US Inflation Slows as CPI Falls 0.1% in December
The latest data from the US Bureau of Labor Statistics shows that the headline rate of inflation in the United States fell to its lowest level since late 2021 in December. The decrease in inflation has sparked hopes that the Federal Reserve will soon be able to stop raising interest rates, which in turn could provide a boost to economic growth and stock prices.
What is CPI and why is it important for markets?
The Consumer Price Index (CPI) is a measure of the average price level of a basket of goods and services consumed by households. It is one of the most closely watched indicators of inflation as it can provide insight into the cost of living for consumers and the overall health of the economy.
The CPI is important to investors as it can indicate the future direction of interest rates and the overall health of the economy. It can also be used as a benchmark to evaluate the performance of inflation-protected investments.

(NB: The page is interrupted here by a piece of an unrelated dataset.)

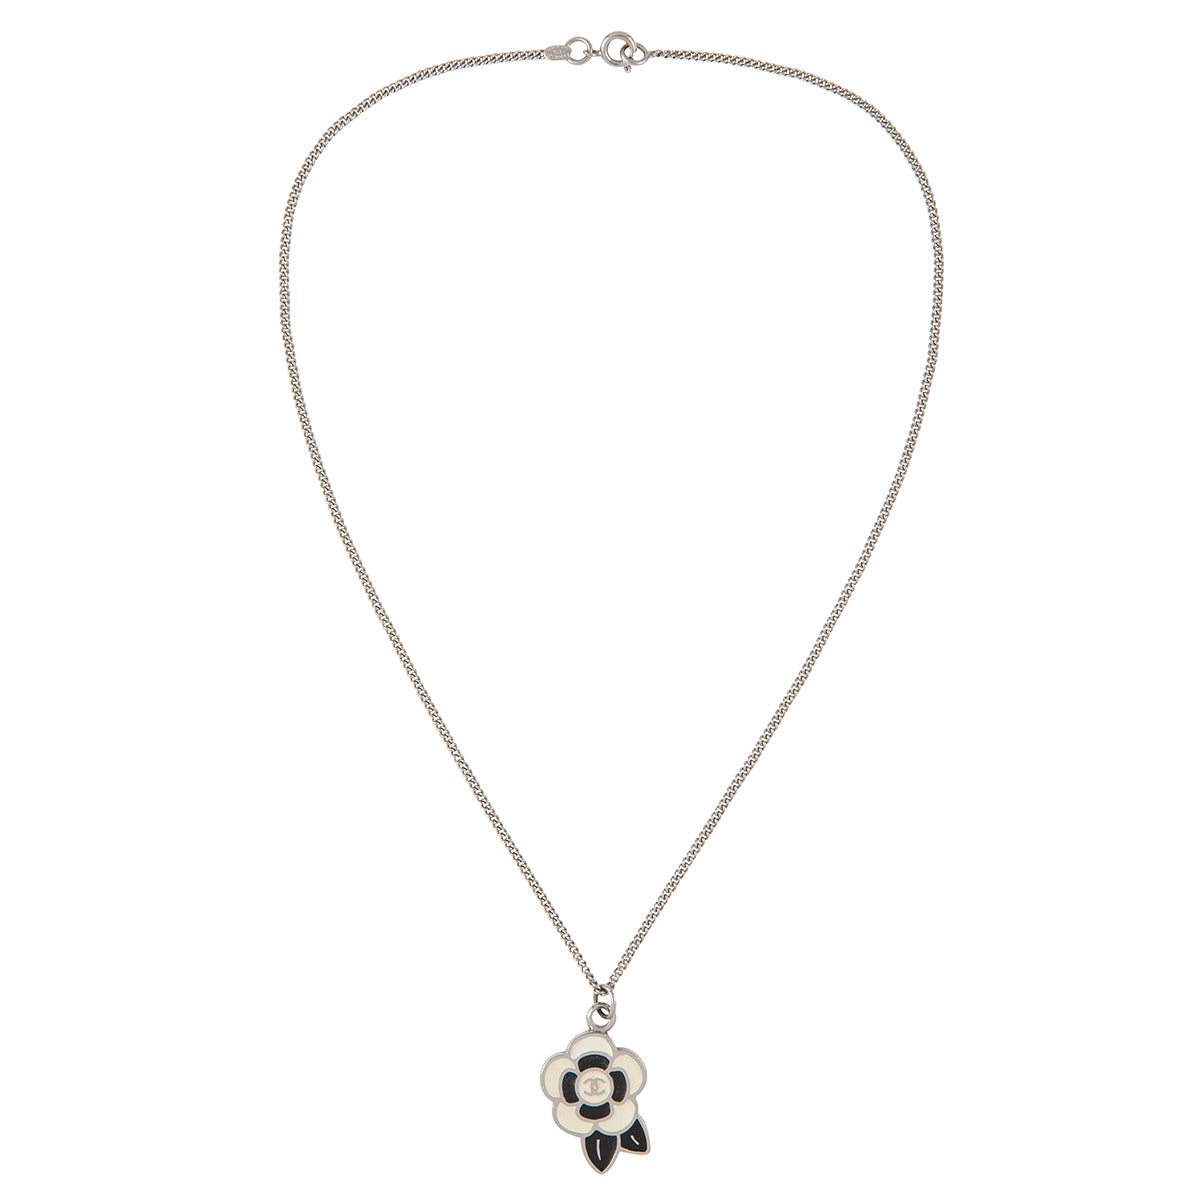 2005 Chanel Camellia Pendant Necklace

Highlights from today's US CPI
In December, the US Consumer Price Index (CPI) fell 0.1% from the previous month, bringing the annual change to 6.5%. The monthly drop in the index was below analysts' forecasts, but the annual rate was in line with consensus.
Despite this, when volatile elements such as food, energy and auto sales are stripped out, the 'core' CPI rose another 0.3% last month, accelerating slightly from November and leaving the annual core rate up 5.7%.

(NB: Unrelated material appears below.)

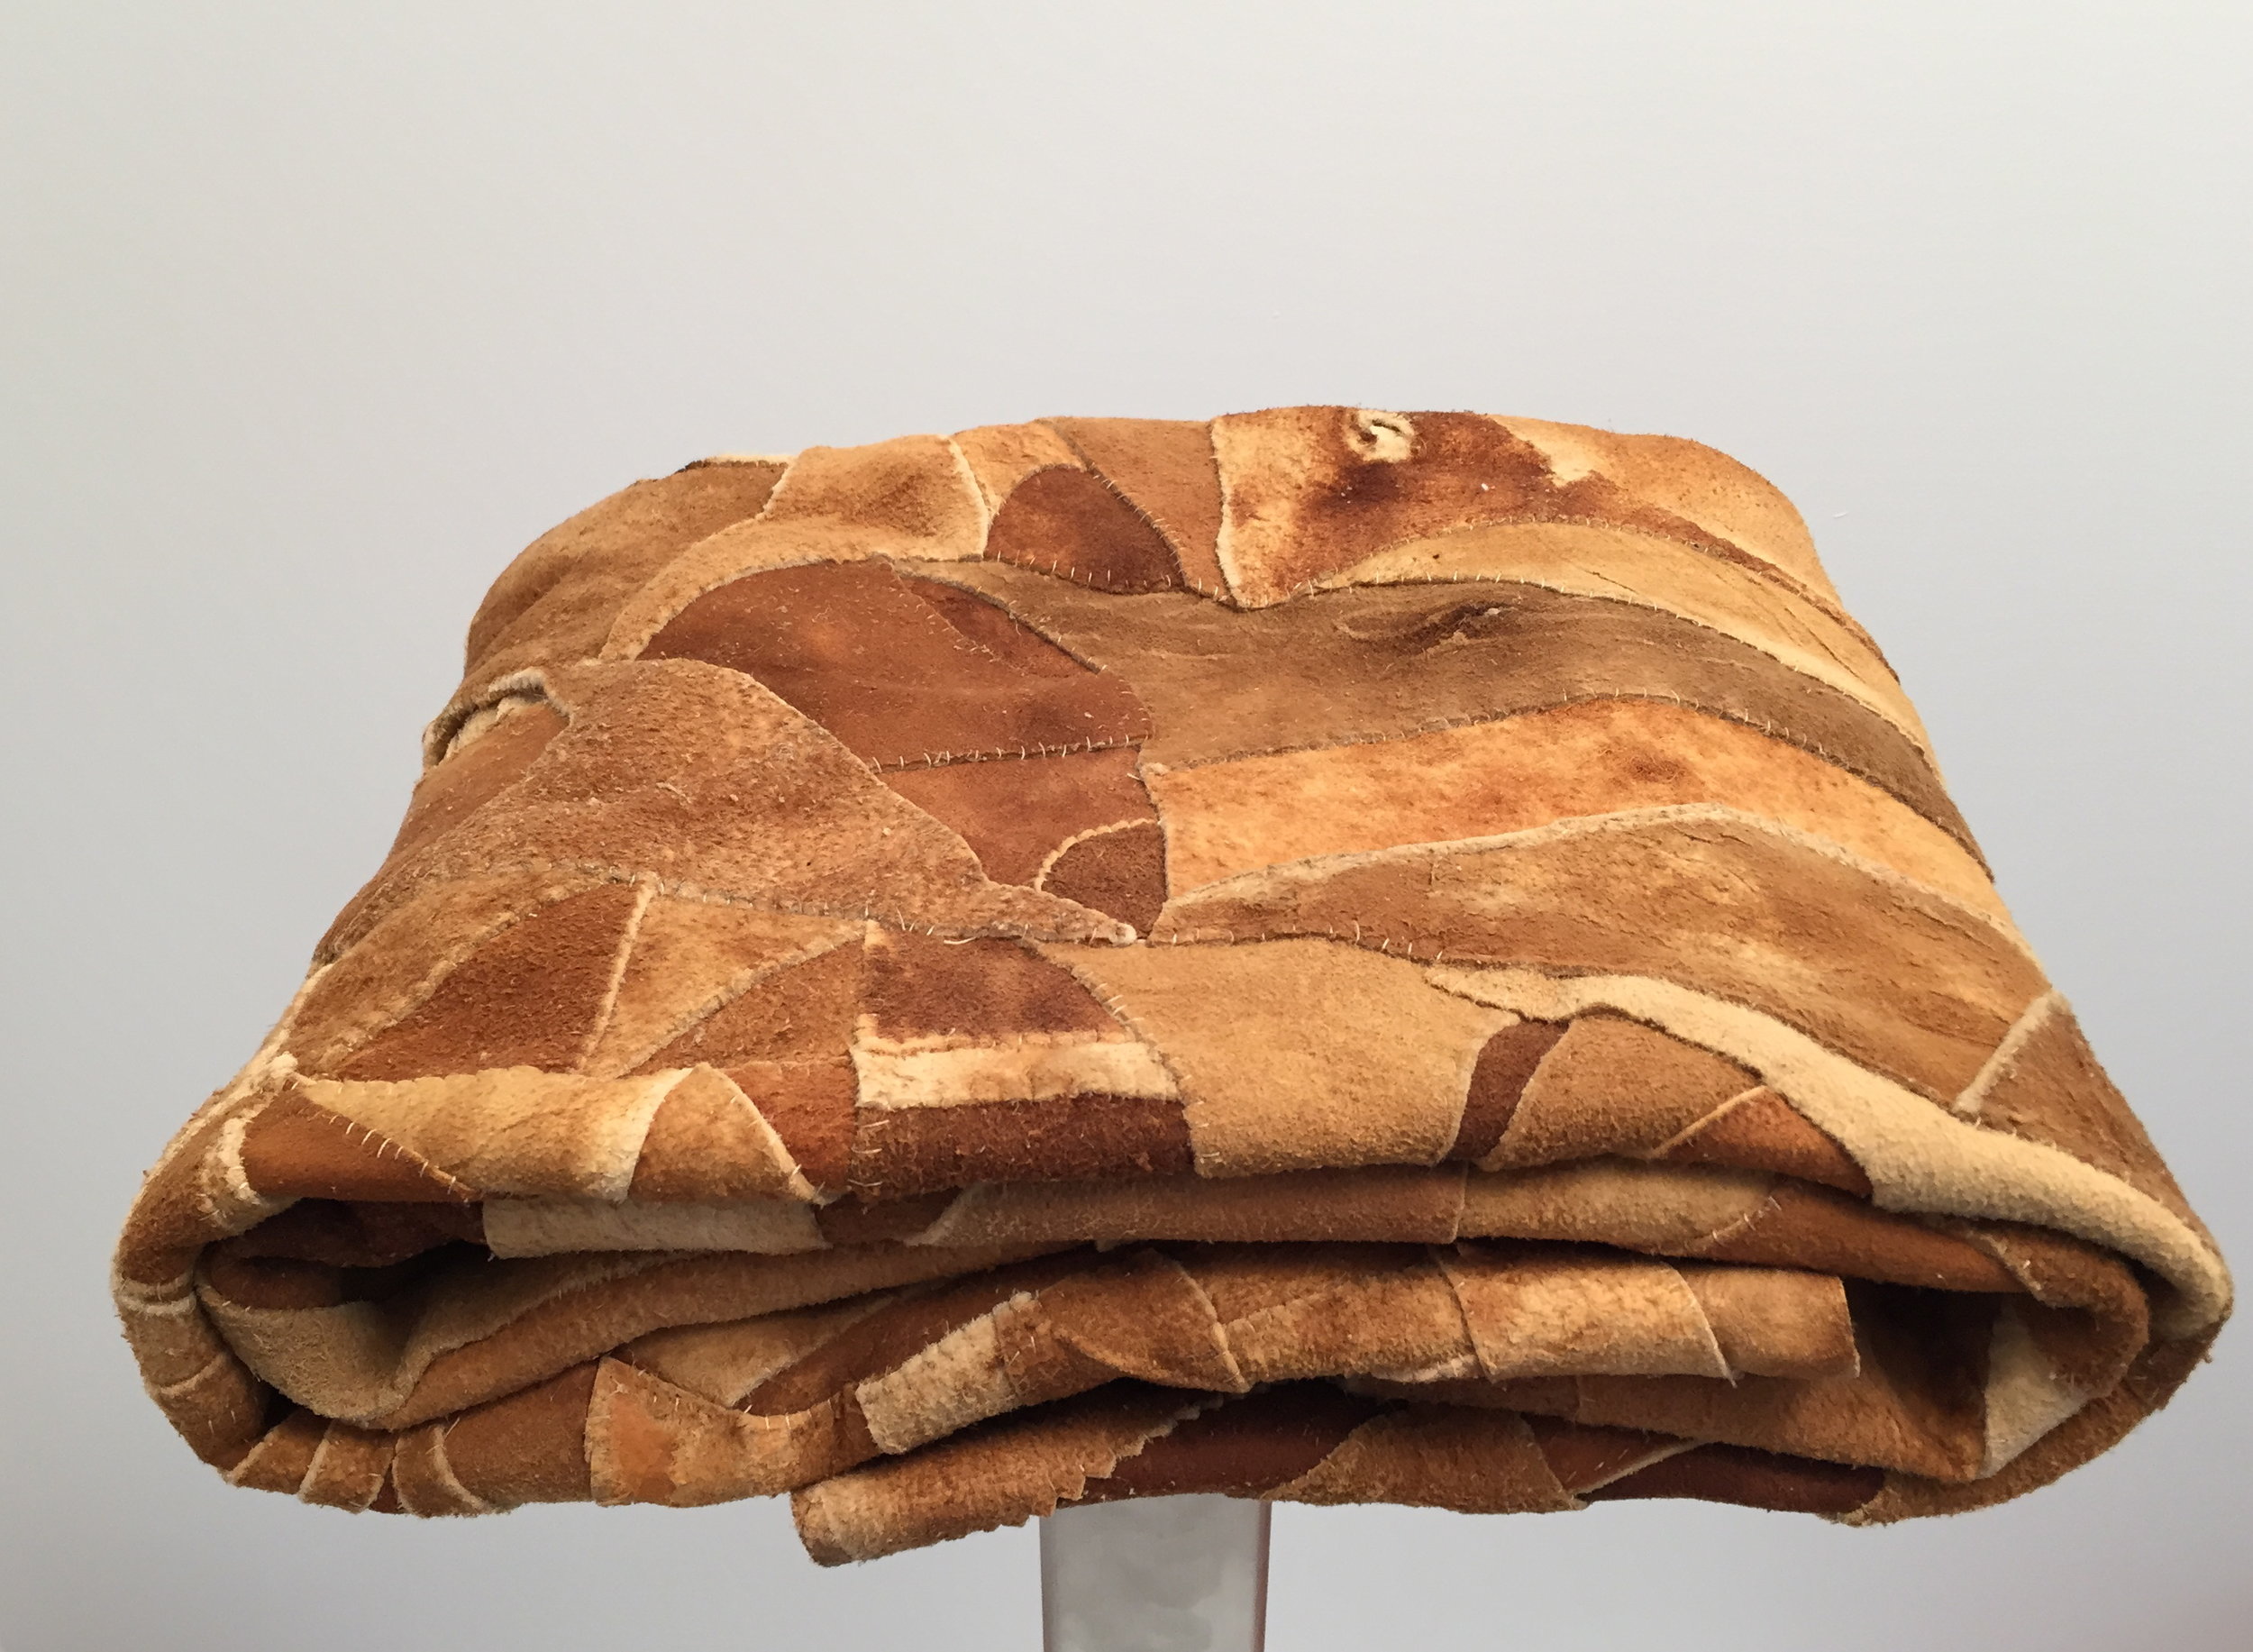   This is Not a Hudson's Bay Blanket ,&nbsp;2015 Moosehide blanket on aluminum plinth, 14” x 14” x 7”

How did the markets react?
The markets have responded positively to the decrease in inflation, as it suggests that the Federal Reserve may be able to stop raising interest rates in the near future. This, in turn, can provide a boost to economic growth and stock prices.

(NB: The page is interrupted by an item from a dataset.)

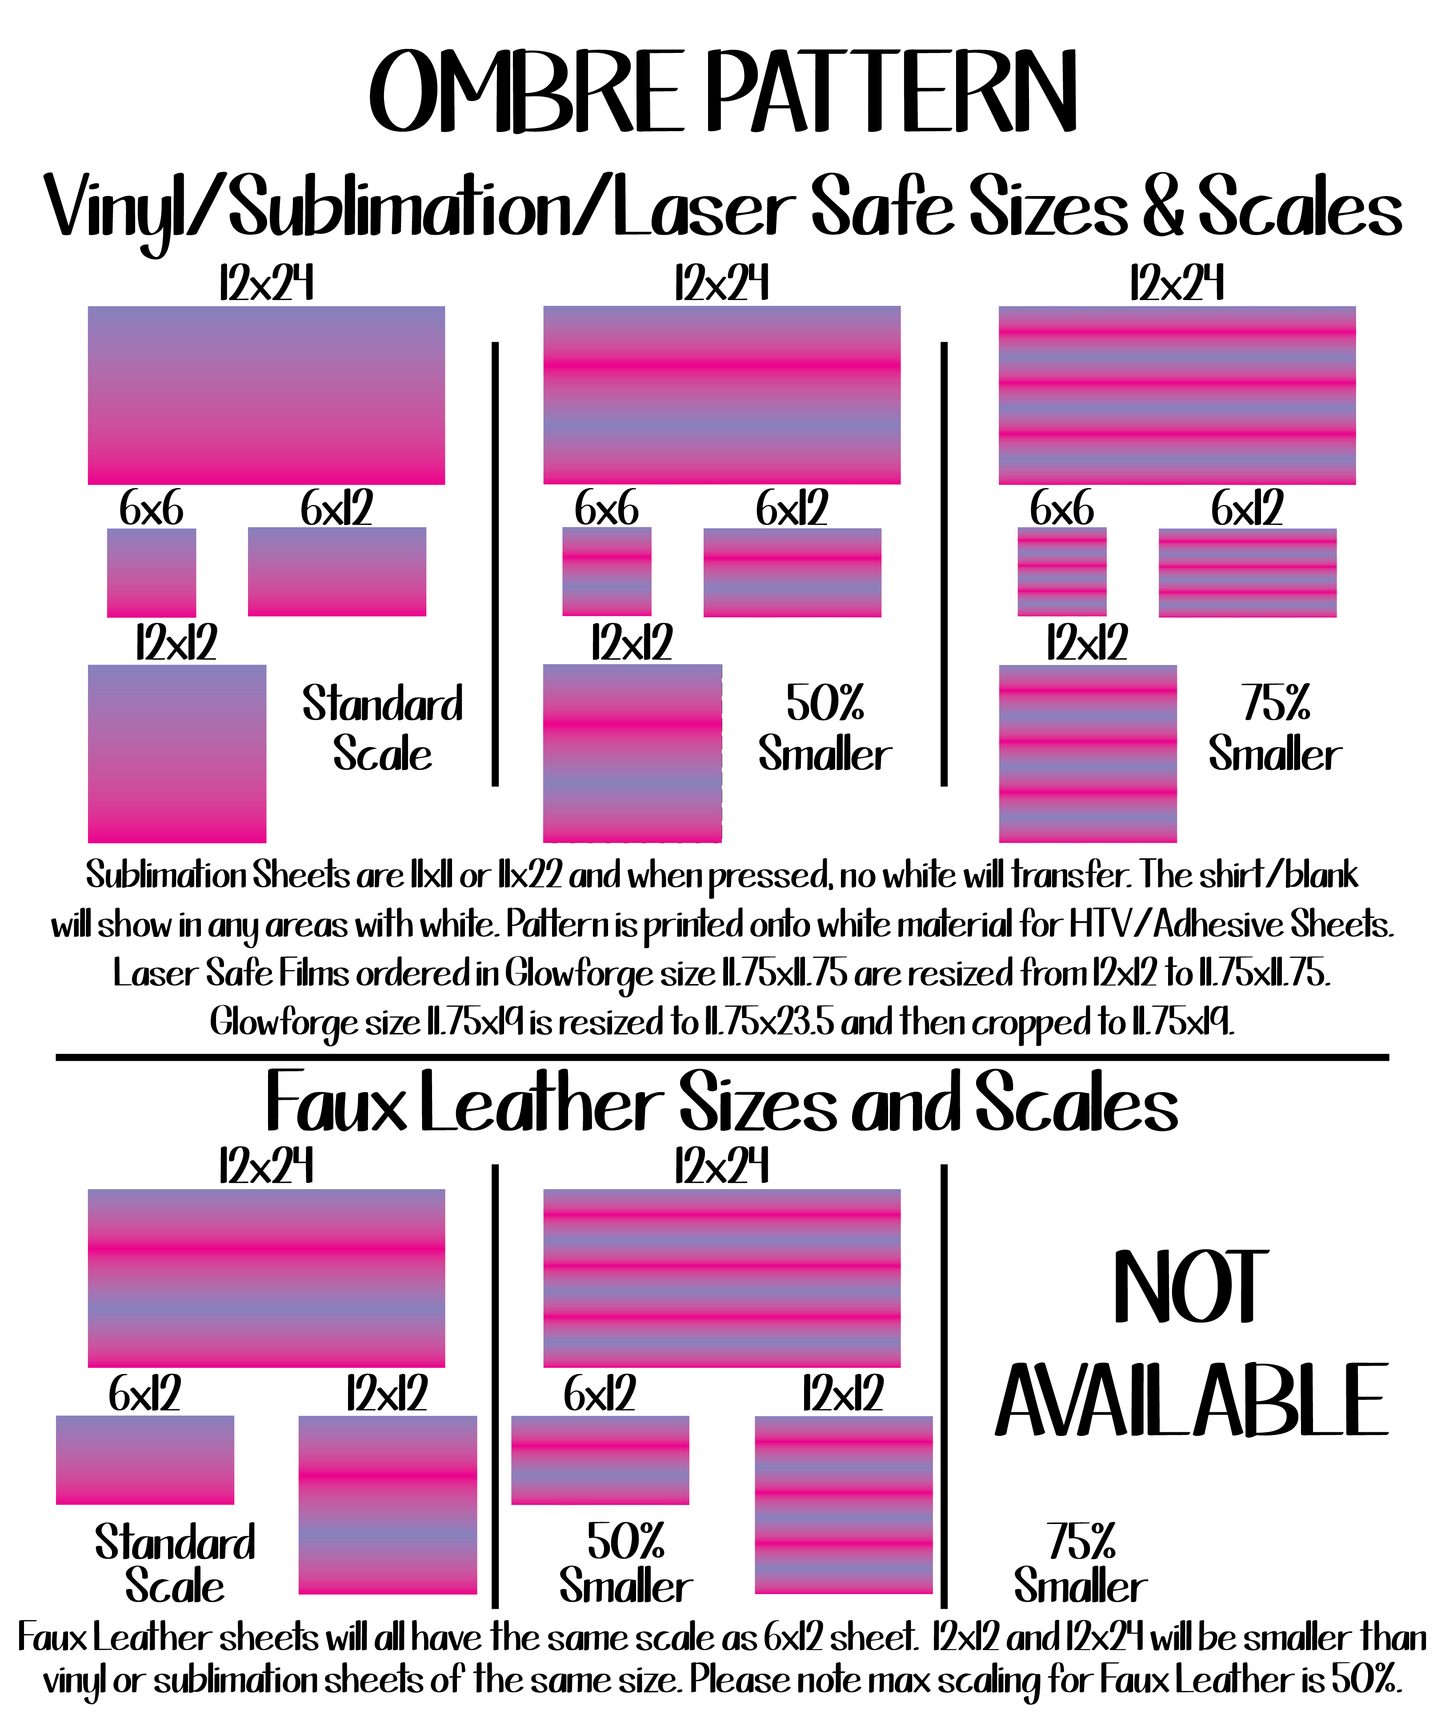 Rainbow Cats ★ Pattern Vinyl | Faux Leather | Sublimation (TAT 3 BUS DAYS)

🔴 The US Dollar came under heavy selling pressure and the US Dollar Index (DXY) dropped to a fresh multi-month low below 102.50 after the US inflation report.
🟢The Dow Jones index ($DOW30) responded with an increase of more than 0.5% immediately after the release.
🟢The Nasdaq index rose more than 1% after the inflation data.
🟢The SP500 index ($SPX500) jumped up 0.7% within the first hour of the release.
Traders and investors see slowing inflation as a sign that the economy is not overheating, which can boost their confidence about putting their money into stocks and other assets. The stock market's reaction can be seen as a positive sign for the economy and investors, as it shows that they are optimistic about future economic growth.
Summary
- US annual CPI inflation drops to 6.5% in December as expected.
- The decrease in inflation has sparked hopes that the Federal Reserve will soon be able to stop raising interest rates.
- The markets have responded positively to the decrease in inflation, as it suggests that the economy is not overheating.
- The core CPI, which excludes volatile elements like food, energy and auto sales, rose by 0.3% in December, accelerating slightly from November and leaving the annual core rate at 5.7%.